Homily
3rd Sunday of Easter
St. Lawrence Catholic Campus Center at the University of Kansas
8 May 2011
Daily Readings
The paschal victory of Christ which we celebrate during this long Easter season is a victory for yesterday, today and forever. Jesus Christ is the same yesterday, today and forever. He is for us a past, a present and a future. He is doing right now what he did yesterday, and what he will do tomorrow. The disciples on the road to Emmaus, in the aftershock of the paschal events, obviously needed a visit from the master to understand this new mixing of time.
The paschal event is the hour of history meant to contain all other hours, including the present moment. Jesus' suffering death and resurrection if it is be the hour of the world's redemption, must be an ever present hour, an hour that never fades as the clock of history keeps ticking. It must be an event that happened in real historical time but yet an event that never ends nor fades from memory like other events do. If this were not true, our doing this Eucharist in memory of the paschal event would be a futile exercise indeed, for none of us historically were there. The power of our memory is not what makes Jesus present right now. If the disciples who were the first to hear of the Resurrection were headed west instead of east just hours after these things had come to pass, what power could our distant memory of these events have to get us moving in the right direction?

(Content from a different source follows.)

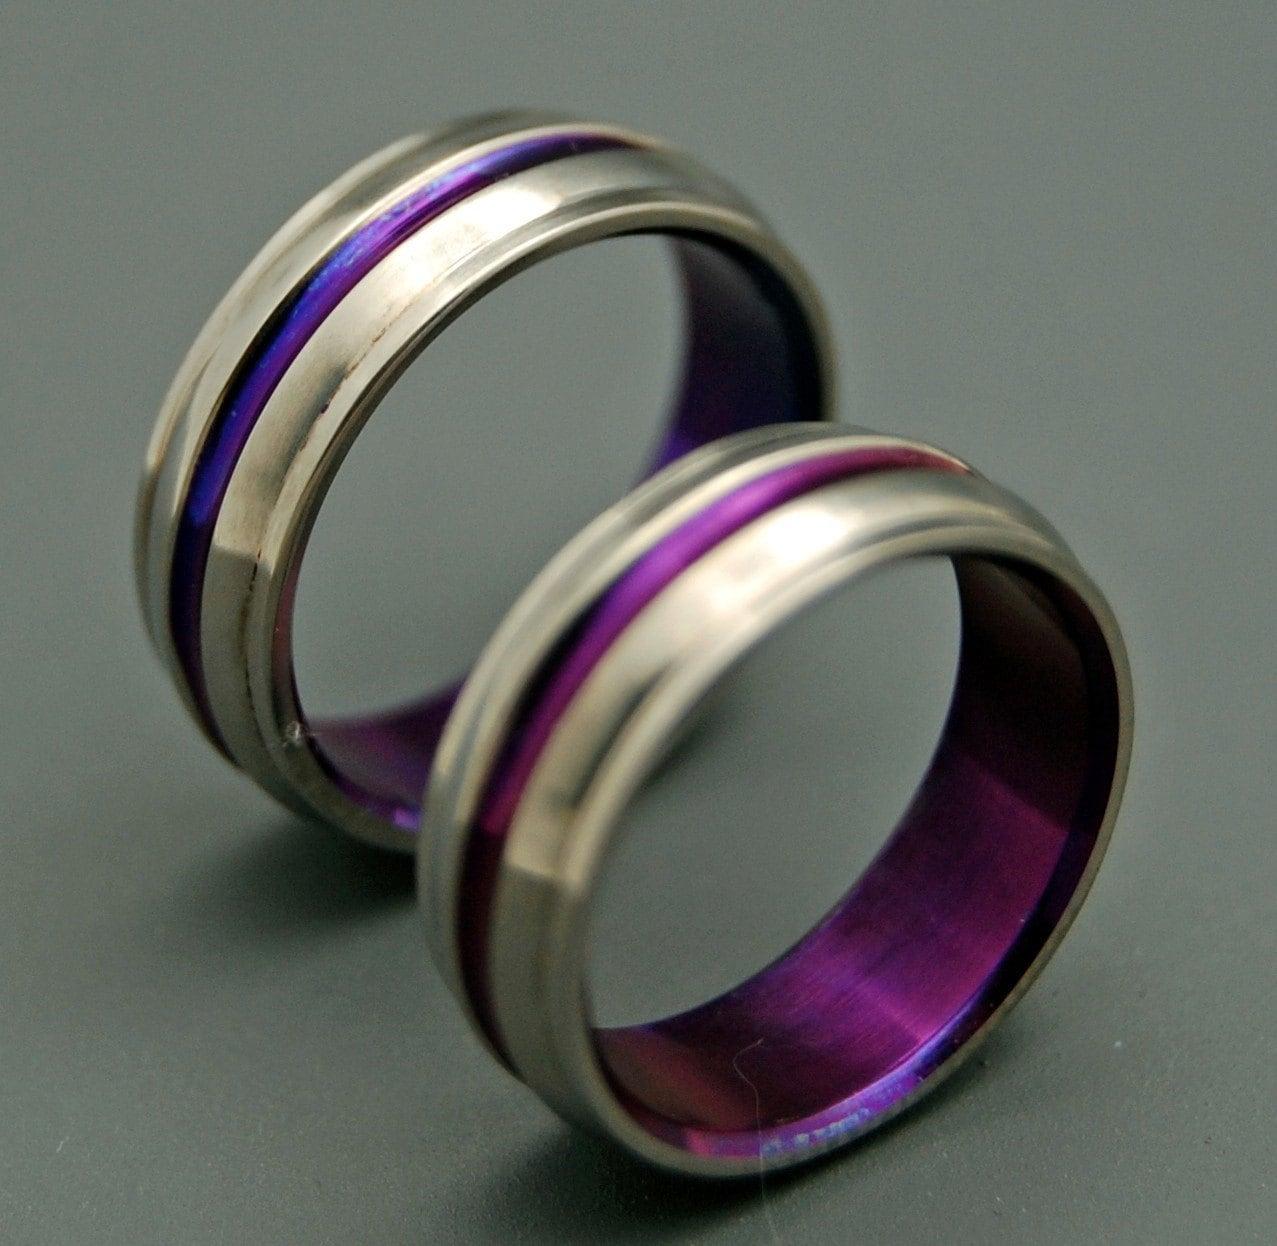 titanium wedding bands wedding rings purple wedding rings zoom

The paschal events thus must themselves have the power to come forward in history, or they cannot accomplish what we need them to. This of course is the lesson of Emmaus. Before Emmaus, the empty tomb was confusing to the disciples. They did not know what to do. After Emmaus, confusion gives way to excitement that Jesus Christ is truly Risen, which means he is eager to visit his disciples. Being a Christian, then, cannot be a figuring out on our part what to do in response to a past event; no, it is an excitement of being visited by One who wishes to live his paschal events anew in us, and with us and through us.
We receive the Eucharist, then on Mother's Day, and we rejoice rightly now with Mary, mother of the Eucharist. For unlike the disciples on the road to Emmaus, our mother Mary was, is and will always be excited to show us how to be visited by Jesus. After someone in the crowd shouted 'Blessed is the womb that bore you, and the breasts that nursed you' Jesus gave his mother higher praise by saying 'Rather, blessed is the one who hears the word of God and observes it.' Jesus then teaches us how to honor all of our mothers, of course by praying for them and their vocation, of course by remembering to thank them for the irreplaceable and irreducible love that they have shown us, but most of all, by asking Mary the spiritual mother of us all to lead us in a fruitful reception this Sunday of the Holy Eucharist. What better thing could we do for our mothers than to receive the Eucharist with the same burning hearts of those first disciples? Mary, the pattern and perfection of motherhood, and of every Christian, always corrects those of us who might come to Mass proudly as one of the many things we need to do, toward her humble excitement that Jesus will acoomplish more in us, with us, and through us, that we could possibly hope for or imagine, if only we allow it to be done to us according to His word. May all mothers be blessed by Mary today, and like her help us to trust in God, and to remain with her on that beautiful path of suffering love that begets life that is stronger than death. Amen.